= ACTIVITY =
Emit a verbatim copy of the lines below from the line with "Coles Leather Micro" through the line with "Victoria oznaczała swoje", excluding pictures and everything outside that range.
INFORMATION PROVIDED Block Start
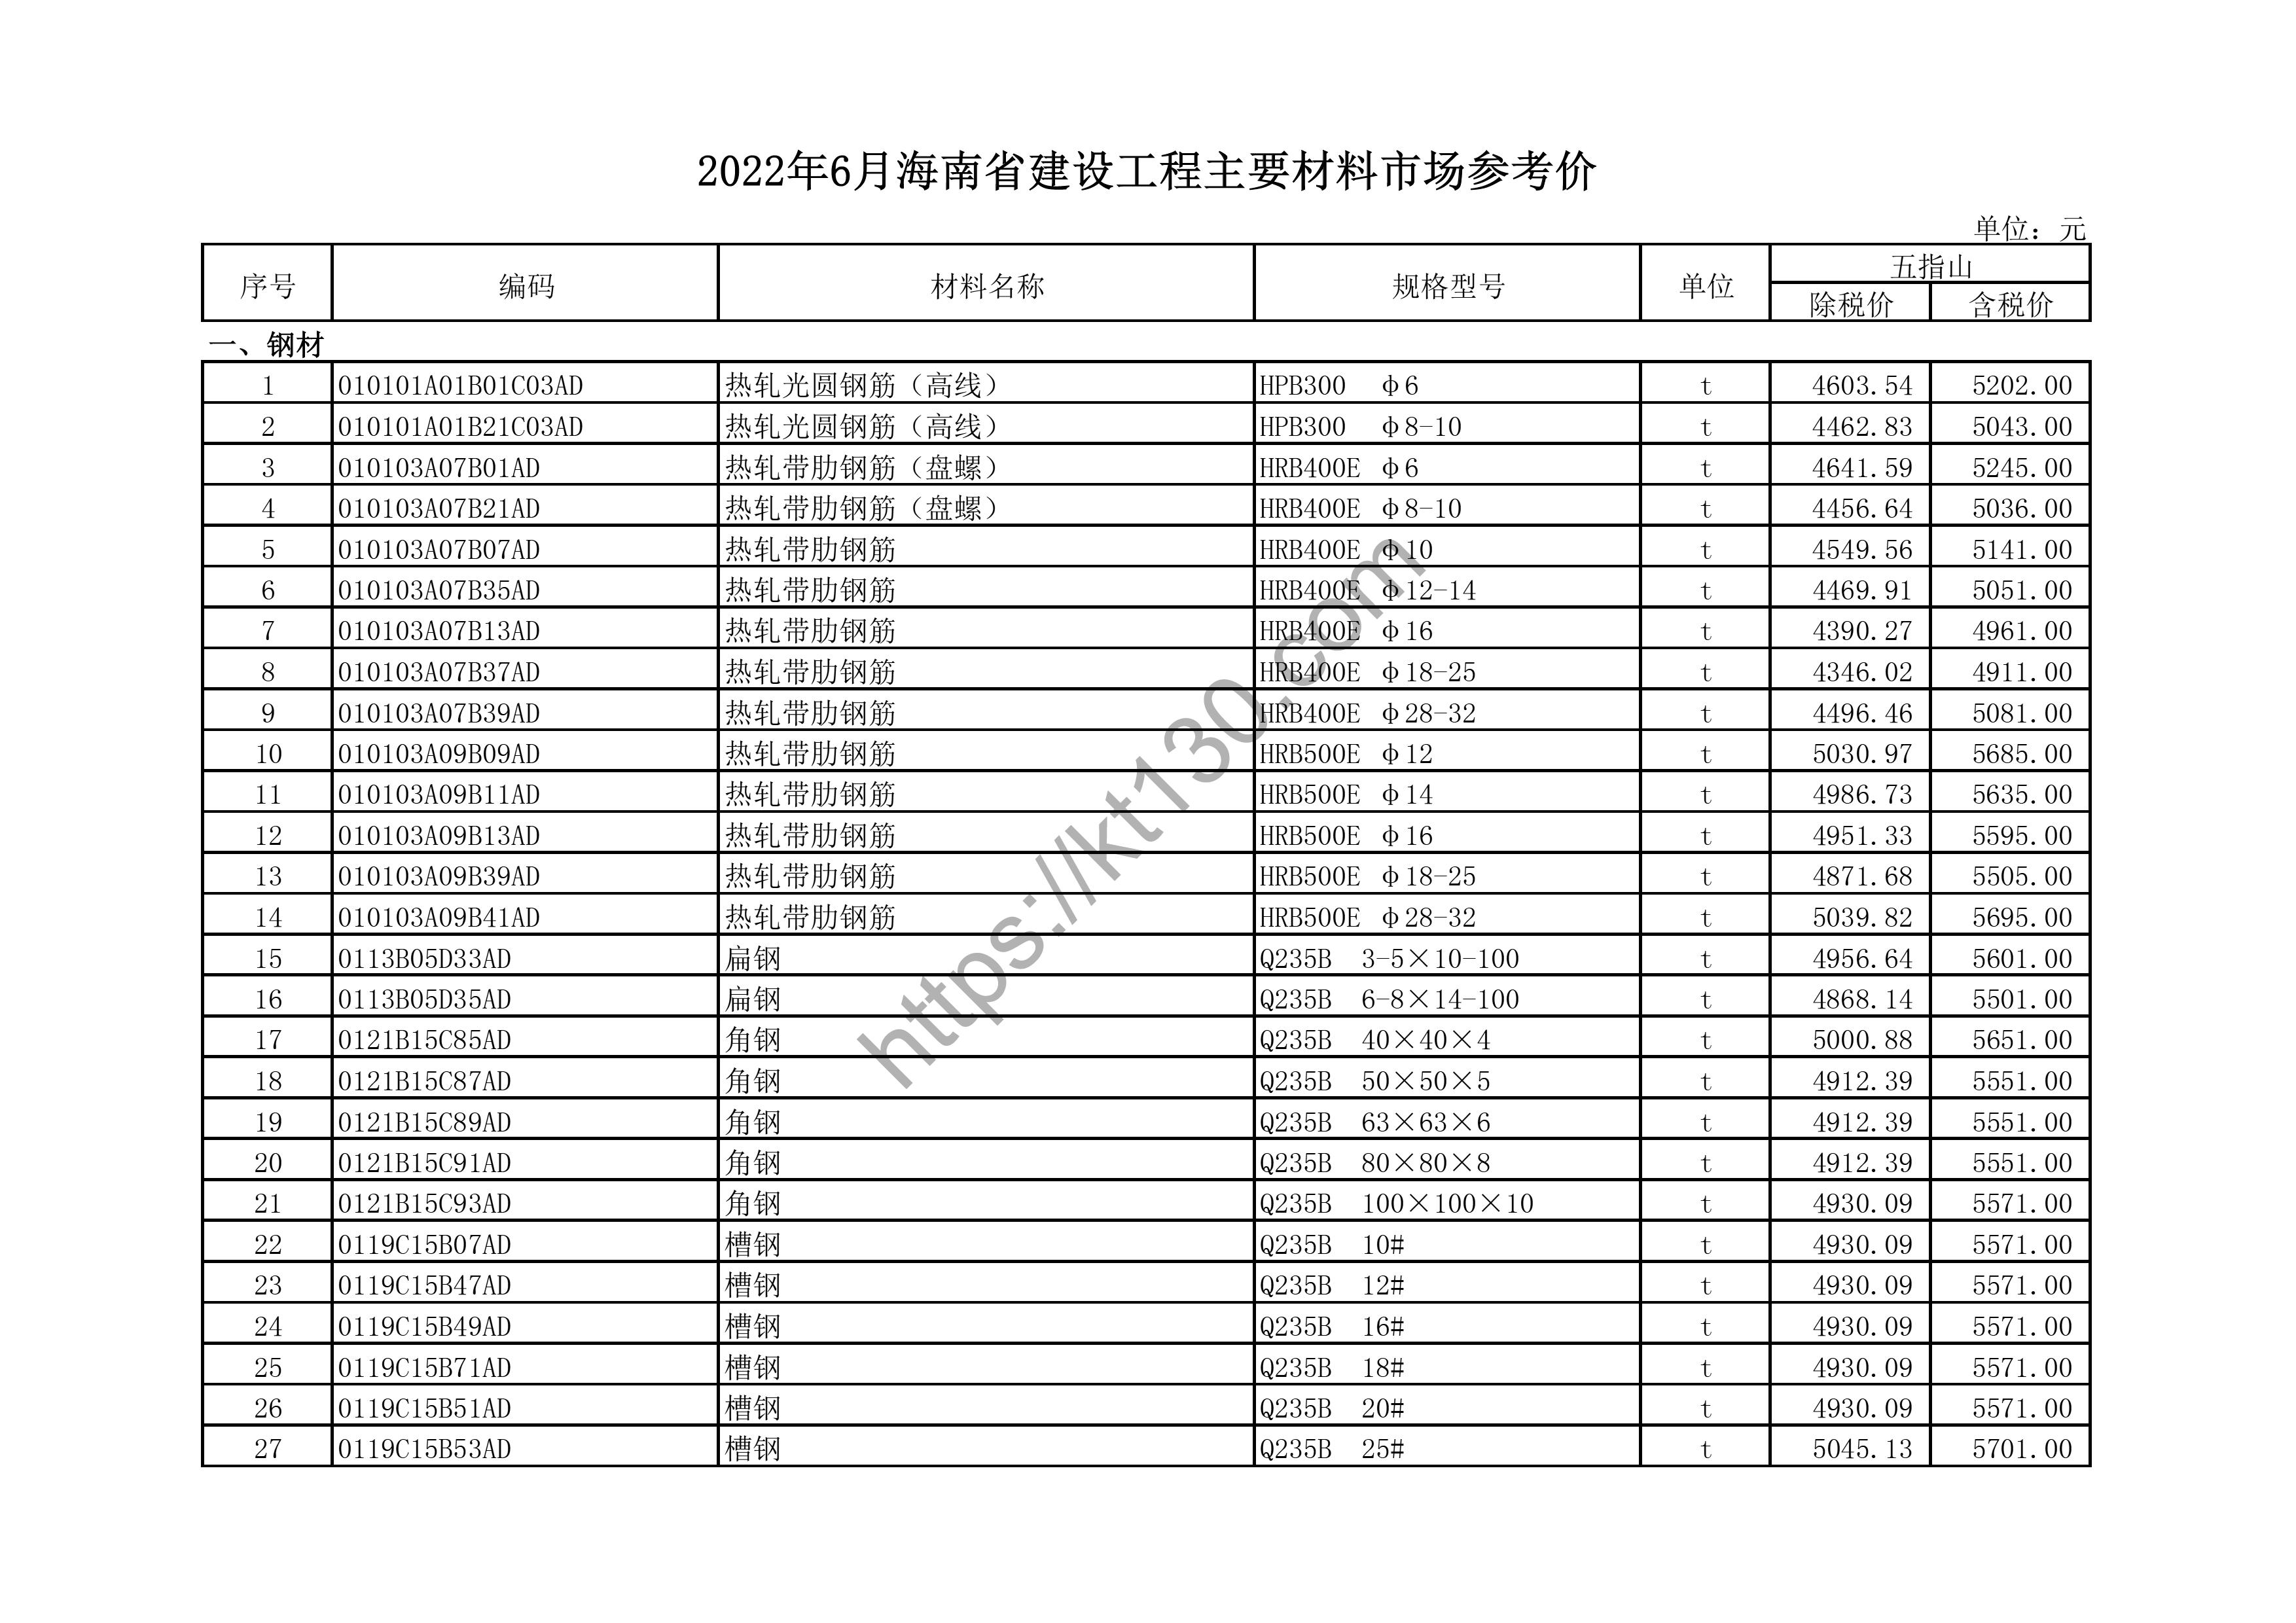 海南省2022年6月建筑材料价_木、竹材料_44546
INFORMATION PROVIDED Block End
INFORMATION PROVIDED Block Start
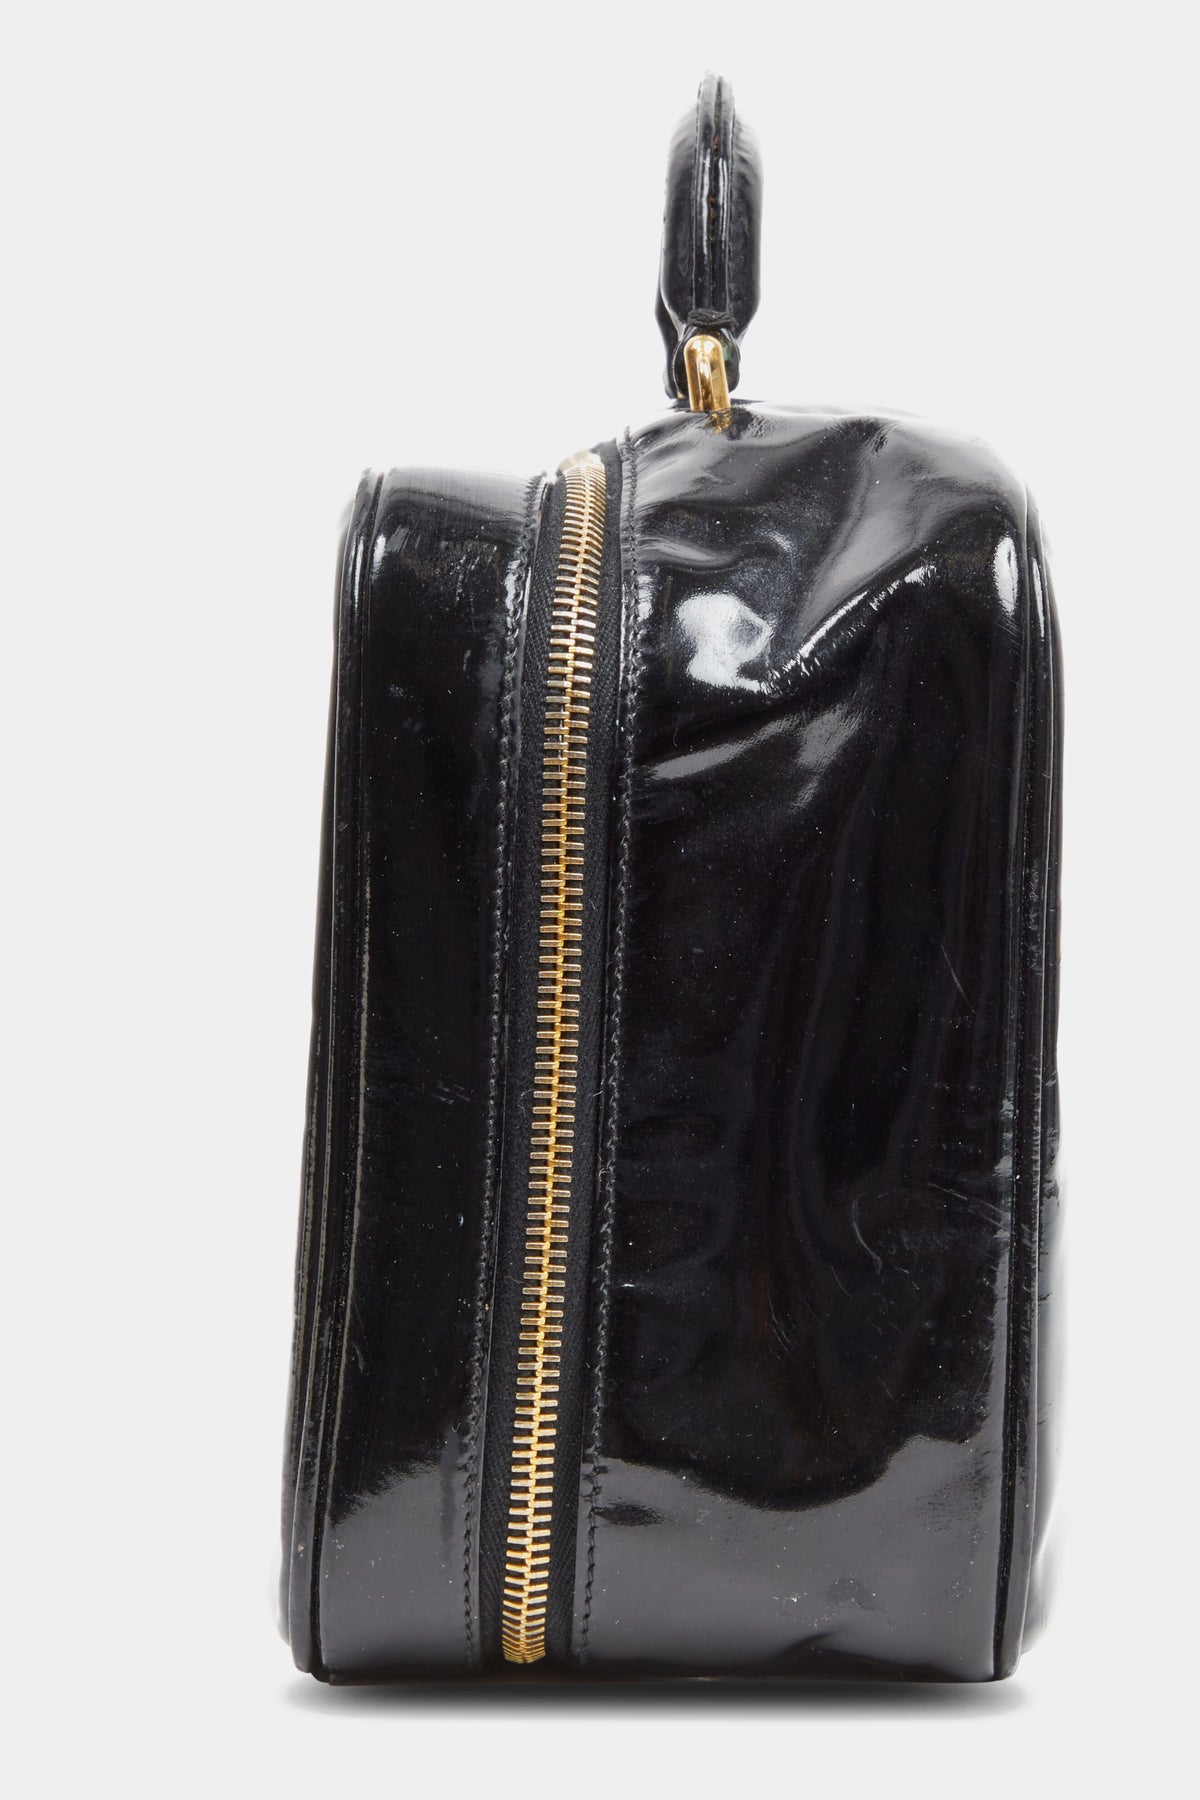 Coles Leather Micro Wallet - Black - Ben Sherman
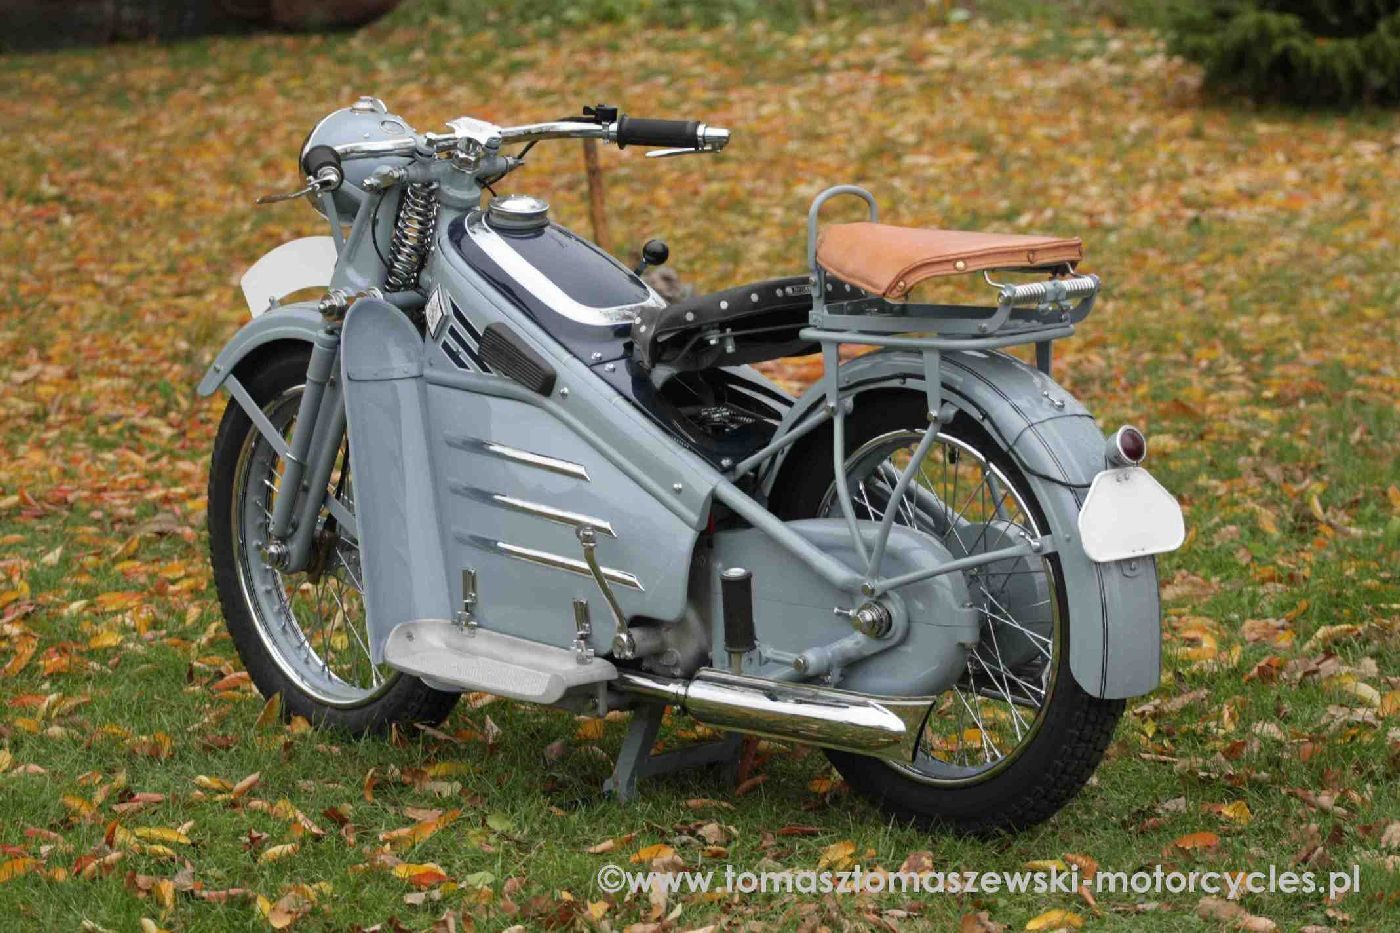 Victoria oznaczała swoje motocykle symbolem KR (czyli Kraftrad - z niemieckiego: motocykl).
INFORMATION PROVIDED Block End
= SOLUTION FOR THIS TASK =
 Coles Leather Micro Wallet - Black - Ben Sherman
 Victoria oznaczała swoje motocykle symbolem KR (czyli Kraftrad - z niemieckiego: motocykl).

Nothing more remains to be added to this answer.